Racism is wrong, it needs to be repeated.
“Racism is the lowest, most crudely primitive form of collectivism. It is the notion of ascribing moral, social or political significance to a man’s genetic lineage—the notion that a man’s intellectual and characterological traits are produced and transmitted by his internal body chemistry. Which means, in practice, that a man is to be judged, not by his own character and actions, but by the characters and actions of a collective of ancestors.
Racism claims that the content of a man’s mind (not his cognitive apparatus, but its content) is inherited; that a man’s convictions, values and character are determined before he is born, by physical factors beyond his control. This is the caveman’s version of the doctrine of innate ideas—or of inherited knowledge—which has been thoroughly refuted by philosophy and science. Racism is a doctrine of, by and for brutes.

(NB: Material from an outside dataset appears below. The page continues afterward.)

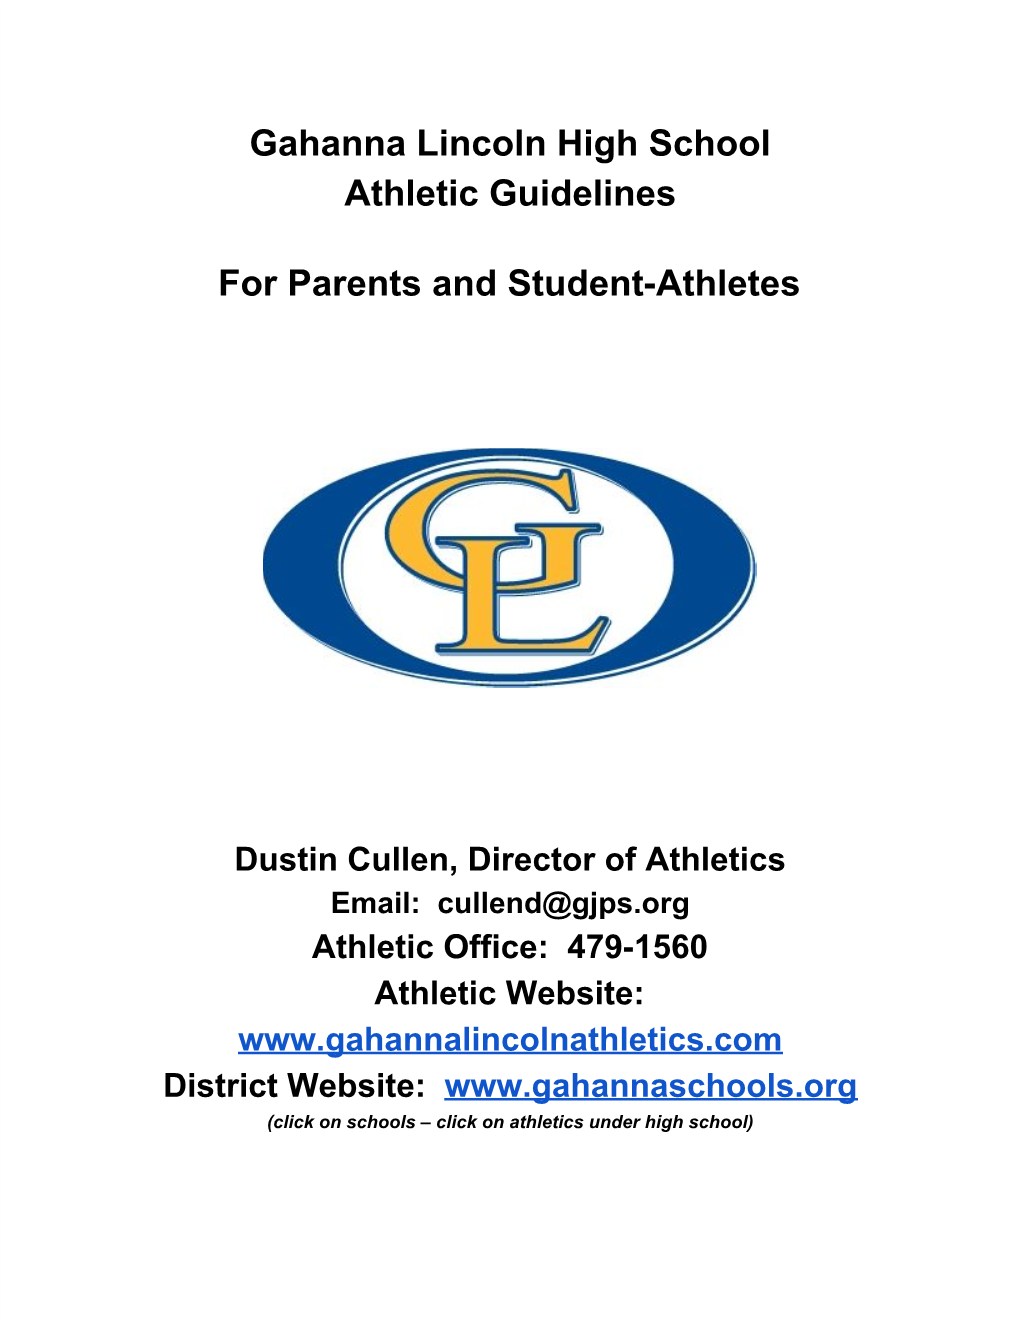 Gahanna Lincoln High School Athletic Guidelines for Parents And
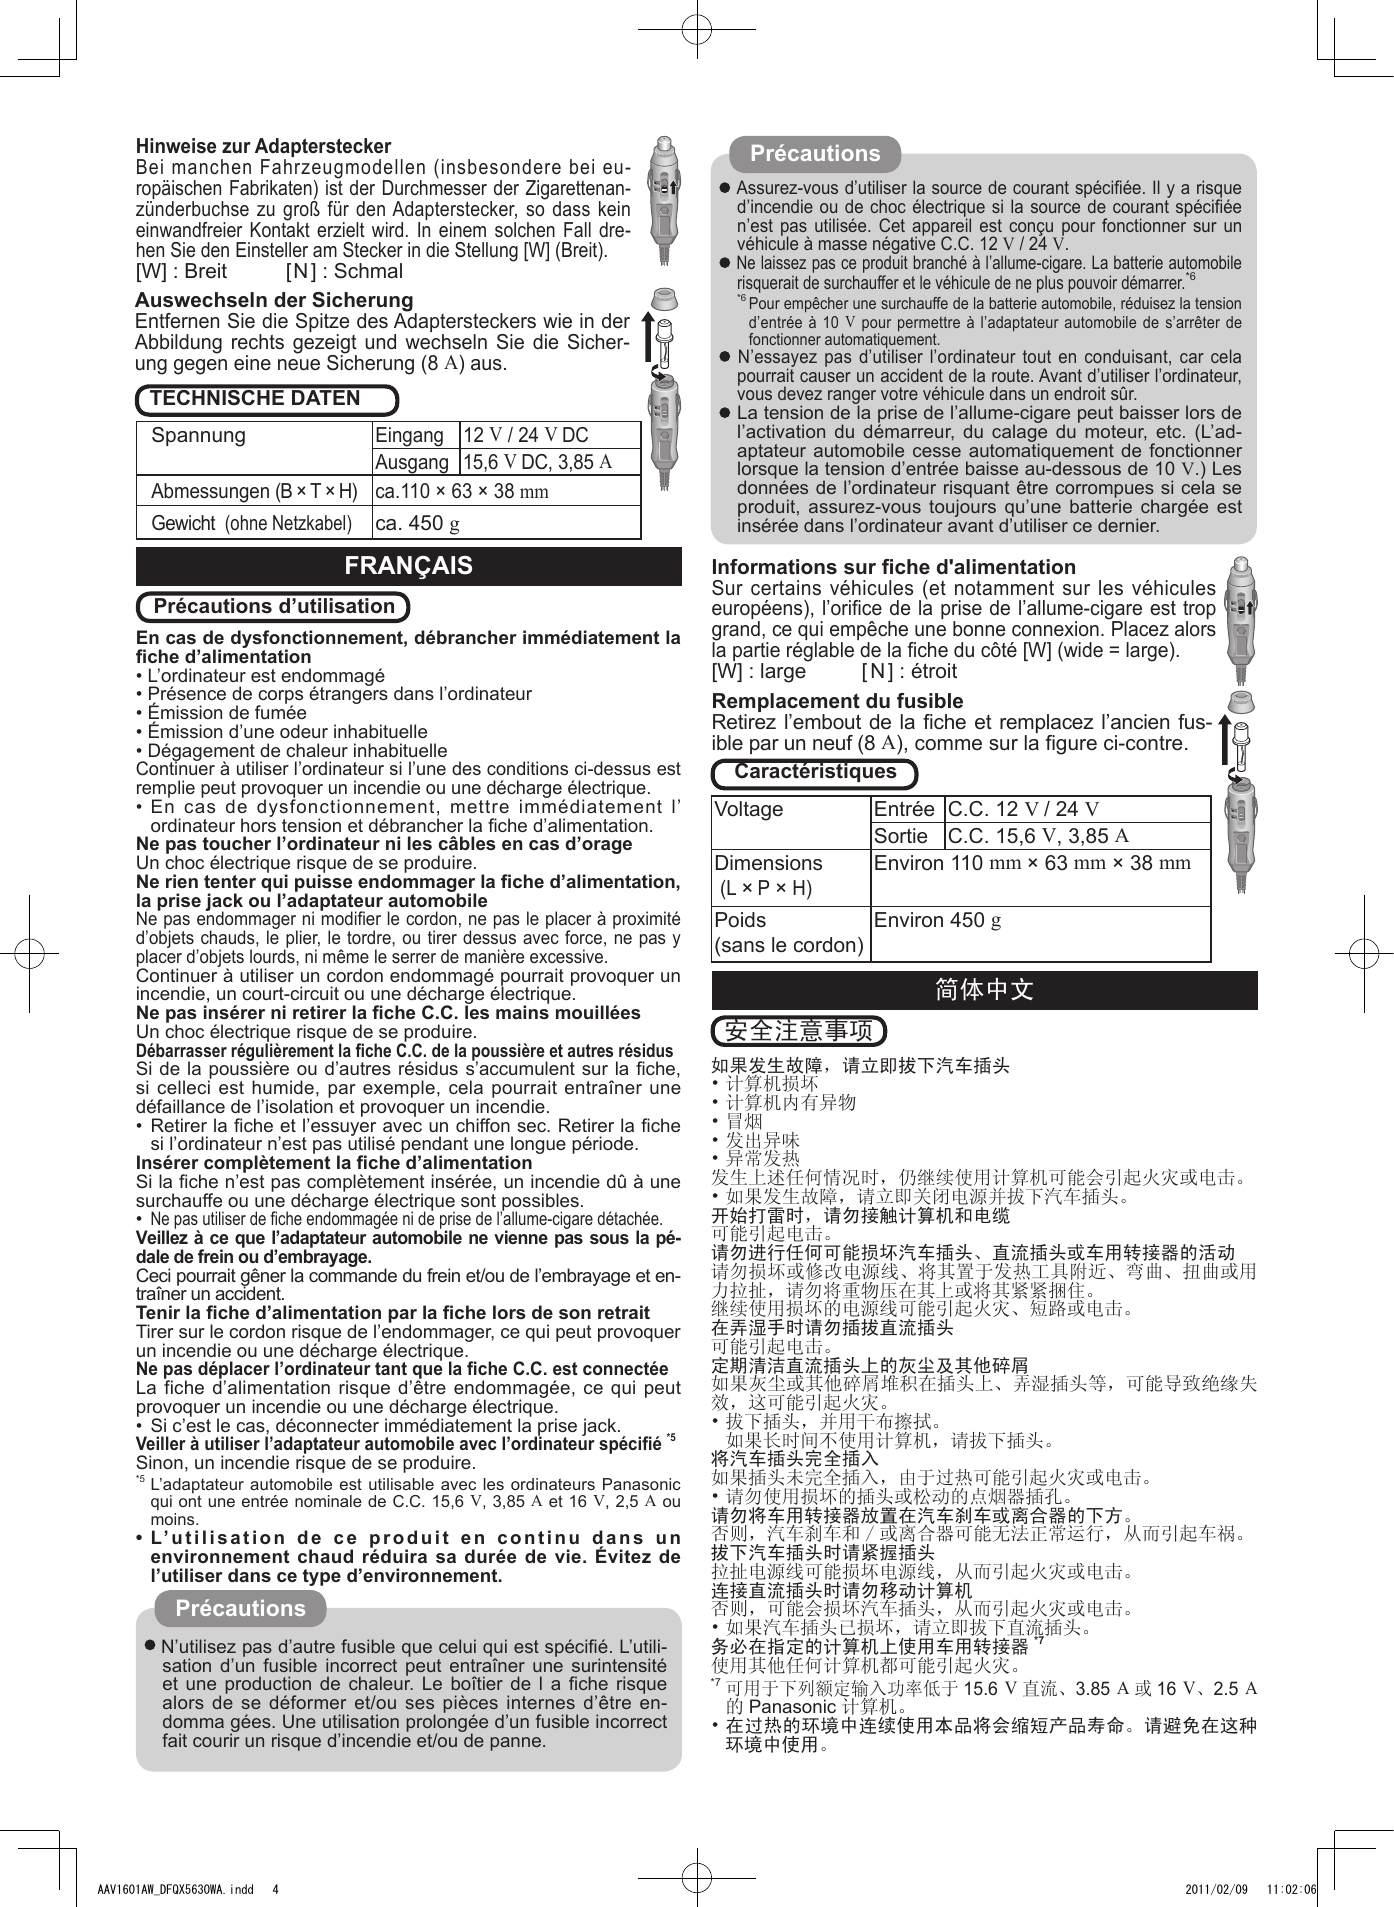 Page 3 of 8 - Panasonic CF-AAxxxx (AC Adapter) 使用手册 : Operating Instructions (English/ German/ French/ Chinese[S]/ Chinese[T]/ Korean/ Japanese) (Revision) Aav1601aw-oi-dfqx5630wa-non-nonlogo-JMGFCSCTKO-p20110072

It is a barnyard or stock-farm version of collectivism, appropriate to a mentality that differentiates between various breeds of animals, but not between animals and men.
Like every form of determinism, racism invalidates the specific attribute which distinguishes man from all other living species: his rational faculty. Racism negates two aspects of man’s life: reason and choice, or mind and morality, replacing them with chemical predestination.”
how is that for a derp? Actually it isnt, that is the truth.